Monday, 9 January 2012


The title of today's blog is not just a rallying cry to encourage fellow Dementers and their Carers to have as positive an approach to each day as possible. It is also, a statement that many may agree with and see as being obvious. However, where I am coming from in relation to this matter is that, when one can not operate in the way one was able a few years ago, it is easy and in many cases understandable, for the individual concerned to give up, not only on things that they can no longer undertake, but also on aspects of life that they are both physically and mentally capable of doing. It is therefore, I believe, important, in the first instance, that the Dementer and their Carer make every effort to ensure that they both undertake as many tasks, both physical and mental, as possible.

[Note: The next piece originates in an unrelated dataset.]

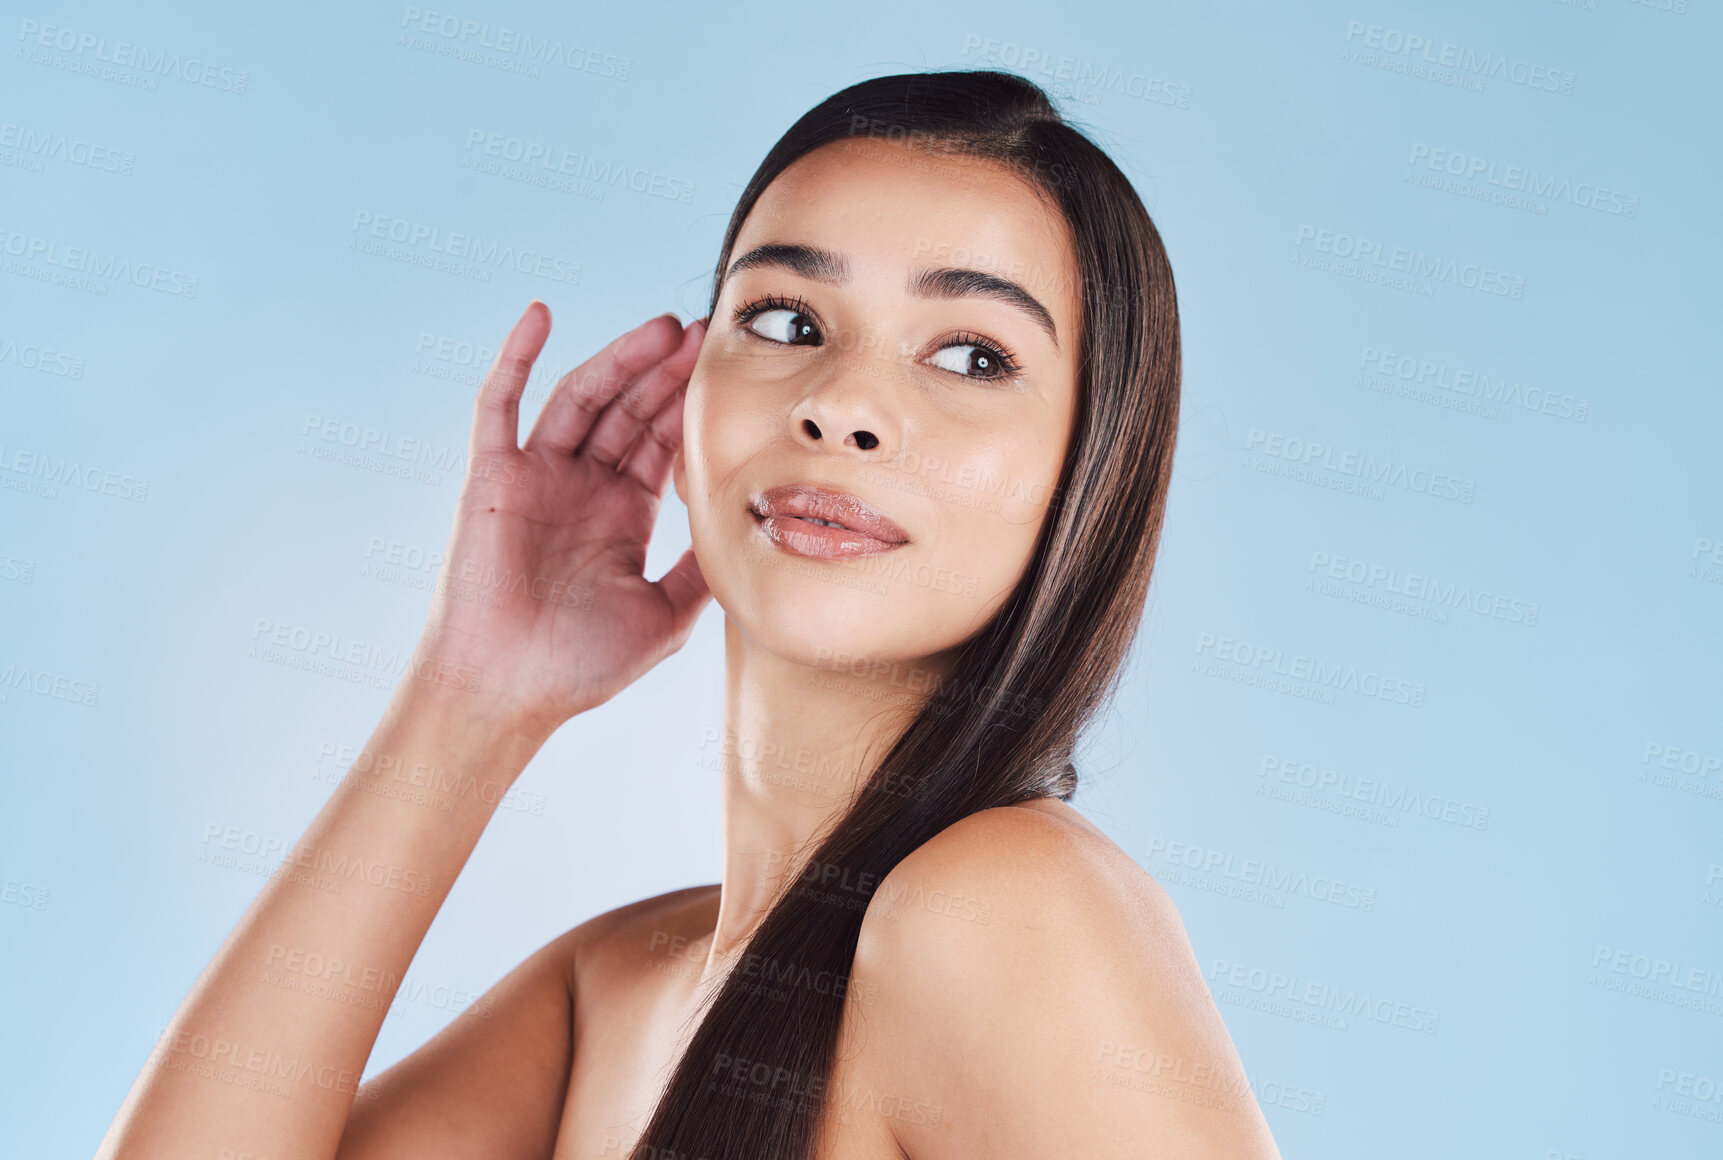 Buy stock photo One beautiful young hispanic woman with healthy skin and sleek long hair posing against a blue studio background. Mixed race model with flawless complexion and natural beauty
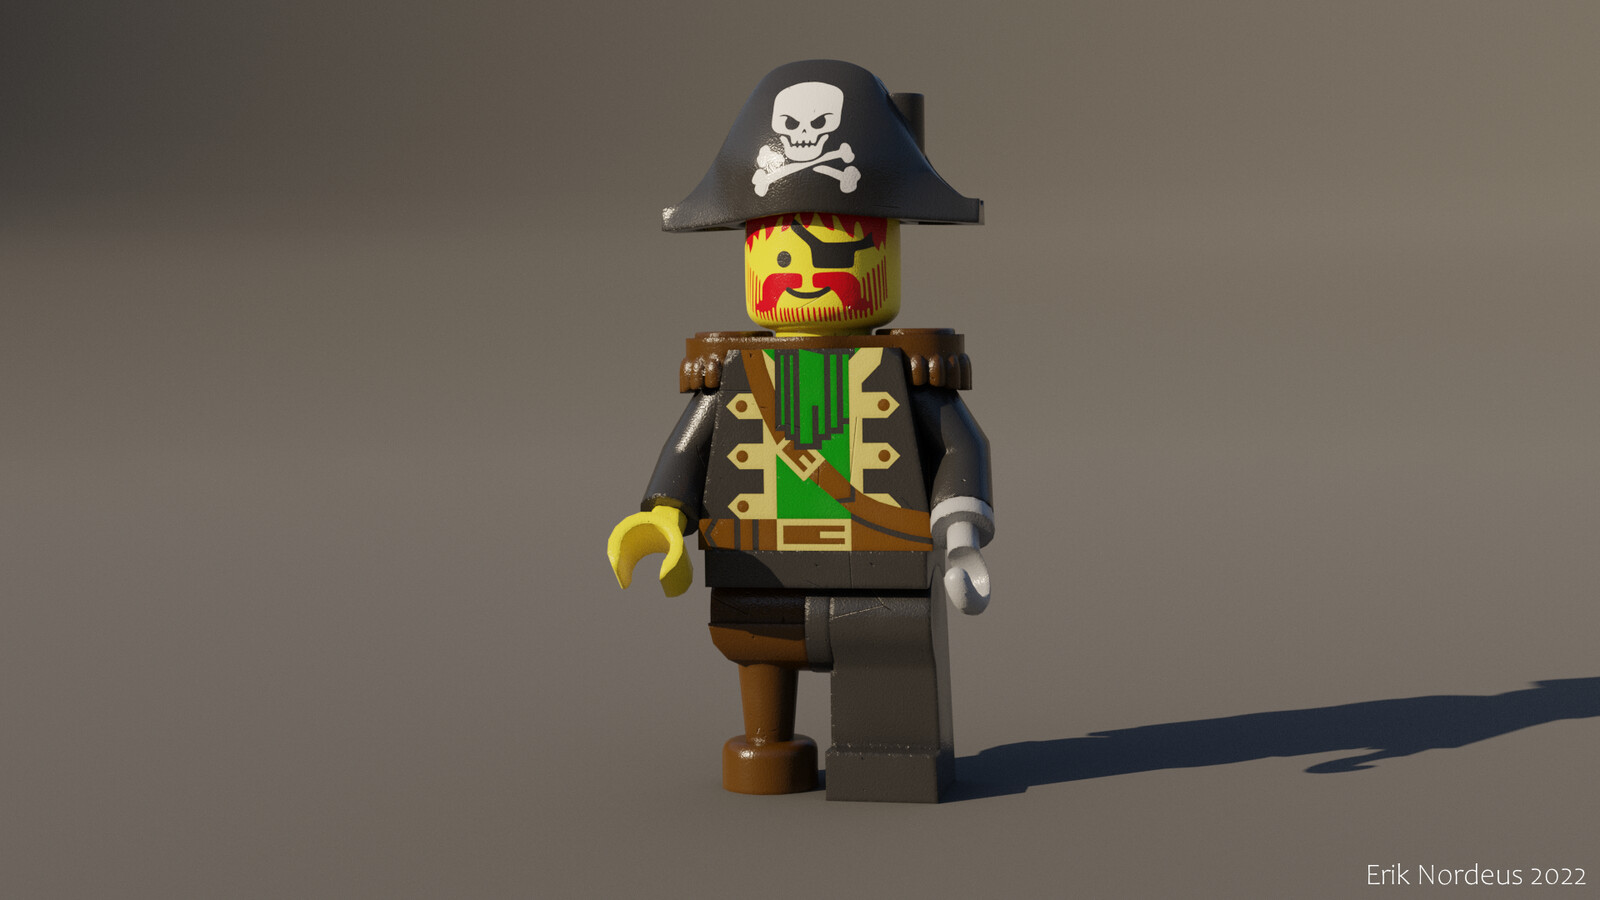 Experiment to make a realistic LEGO pirate character in Blender. You can download the material here: https://habrador.itch.io/blender-lego-material

There may be positive aspects and pleasant surprises, for all concerned, if the positive "Do what you can, while you can" approach is adopted. This positive attitude and outlook should also underpin the approach and attitude of any health professional dealing with and being responsible for people with Dementia. They, like us, should be examining the opportunities that Dementia may provide, however brief, for people with the disease to continue to develop their potential, within the confines / limitations the condition presents. This is not to deny the, current, unstoppable advancement of the disease, but rather, to maximise the potential "good life" for both the Dementee and their Carer.  This "Good Life with Dementia" should be given the opportunity to flourish for as long as it can, to the benefit of all concerned.


Friday, 6 January 2012


To make the most of a dementing mind, I am of the opinion that one should keep it as fresh as possible. Now what do I mean by fresh? I am not quite sure, but I think that it may be a matter of trying to avoid the mind  becoming clogged up by the stresses of not fully understanding what others have said or struggling to find the appropriate words to express oneself. Trying to avoid such situations as far as possible and getting oneself into environs that are conducive to relaxed open thinking. This, I currently find, helps to achieve the clarity and freshness of mind.

A walk in the open spaces, not necessarily alone, can facilitate the above state. Since the commencement of the New Year, after I have been out over the hills with Blossom our dog in the morning for a couple of hours, my wife and I have been going for a short walk along the lanes. This too has helped maintain clarity of thought through the relaxed, enjoyable manner of the walk.

I have noted that, in recent years, I have found it relatively easy to clear my head of any dross that might float in. I suppose that maybe one of the advantages of a deteriorating memory, is the fact that out goes both the rough as well as the smooth!